КУЛЬТУРА
Елена Хагвердиева – художница и муза
Баку, 26 апреля, Анара Ахундова, АЗЕРТАДЖ
Елена Хагвердиева – известная художница, член Союза художников Азербайджана, заслуженный художник Азербайджана, принимала участие во многих выставках, художественных проектах и симпозиумах в республике и за рубежом. Ее произведения находятся в Азербайджанской государственной художественной галерее, в Министерстве культуры и Союзе художников Азербайджана, а также во многих частных коллекциях в стране и за рубежом. Елена Хагвердиева - супруга художника Уджала Хагвердиева и мама художника Бутуная Хагвердиева.
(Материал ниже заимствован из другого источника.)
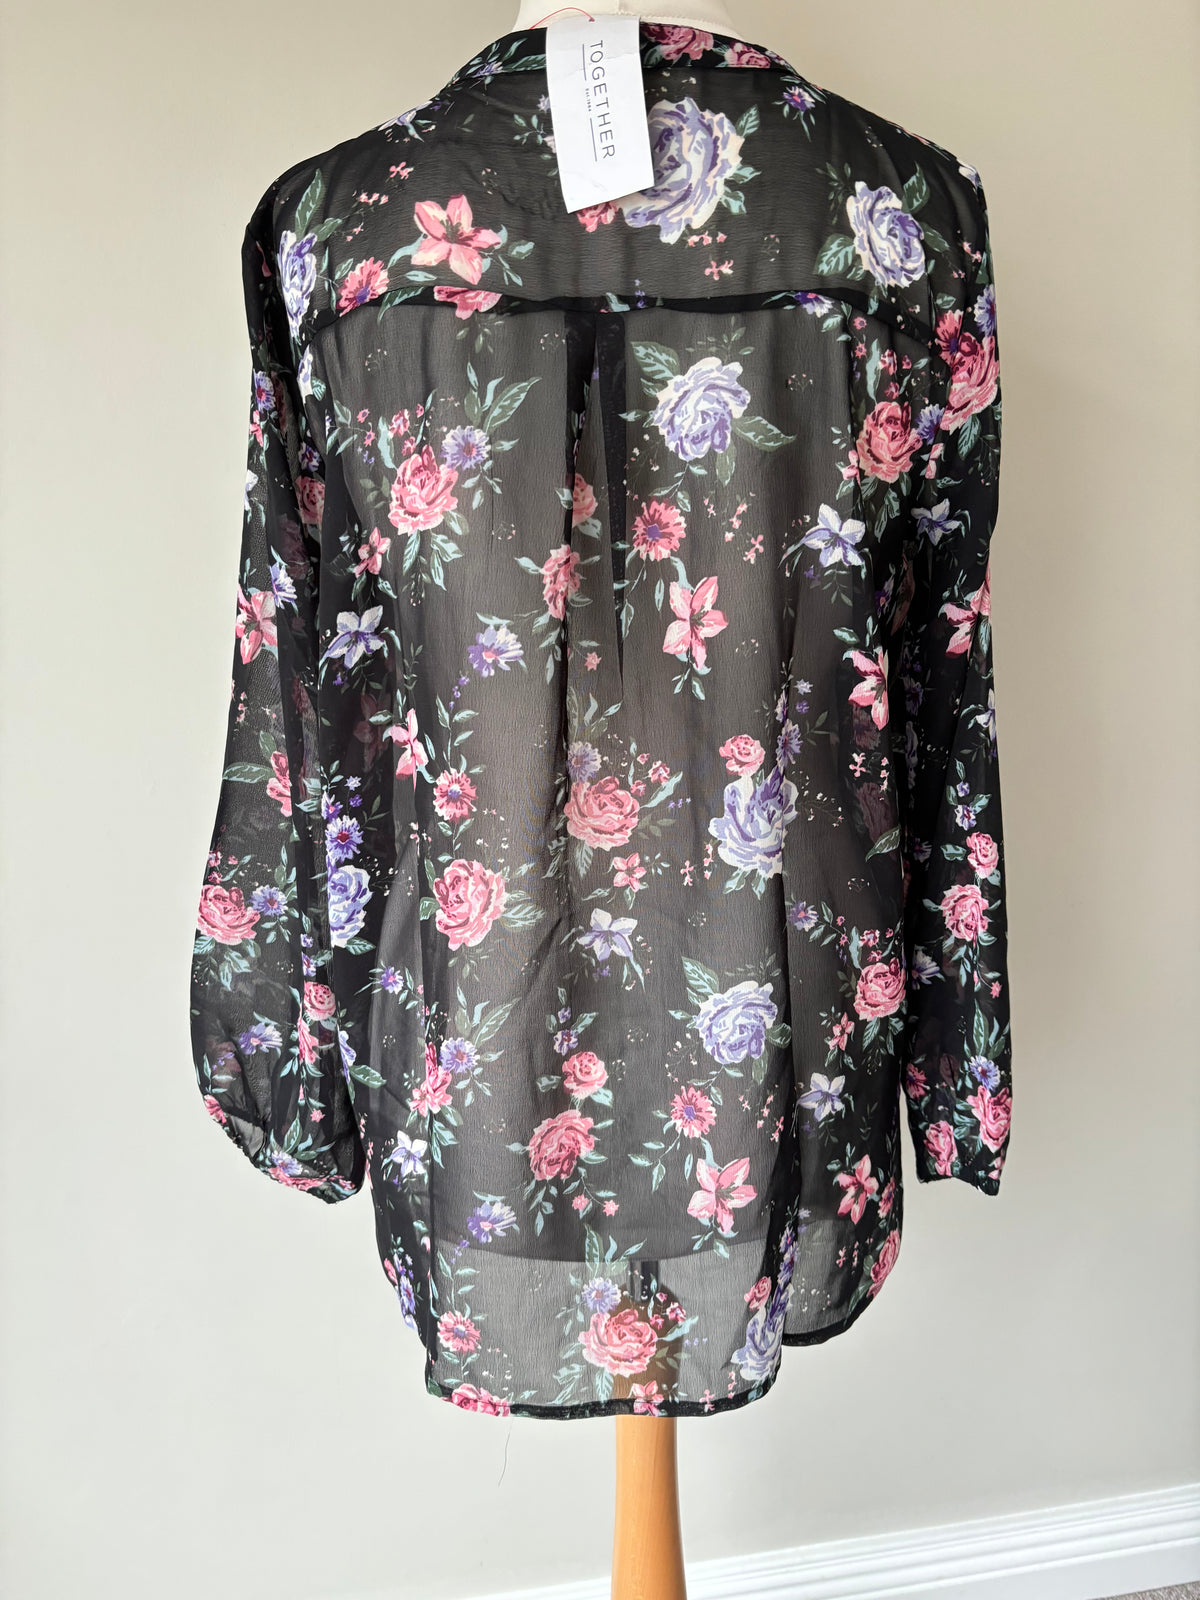 Dark Floral Chiffon Zip Pintuck Blouse by Together Size 12

В беседе с АЗЕРТАДЖ удивительная художница рассказала о своем творческом пути. Как всегда, элегантная, ни на кого не похожая, загадочная. Когда разговариваешь с Леной ханым, создается ощущение, что она будто бы только что сошла с полотна ее мужа Уджала муаллима, который часто изображал любимую жену на своих картинах. И который так рано покинул этот мир…
- Лена ханым, вы родом из Хабаровска, но мы вас воспринимаем как азербайджанскую художницу. А вы себя как позиционируете?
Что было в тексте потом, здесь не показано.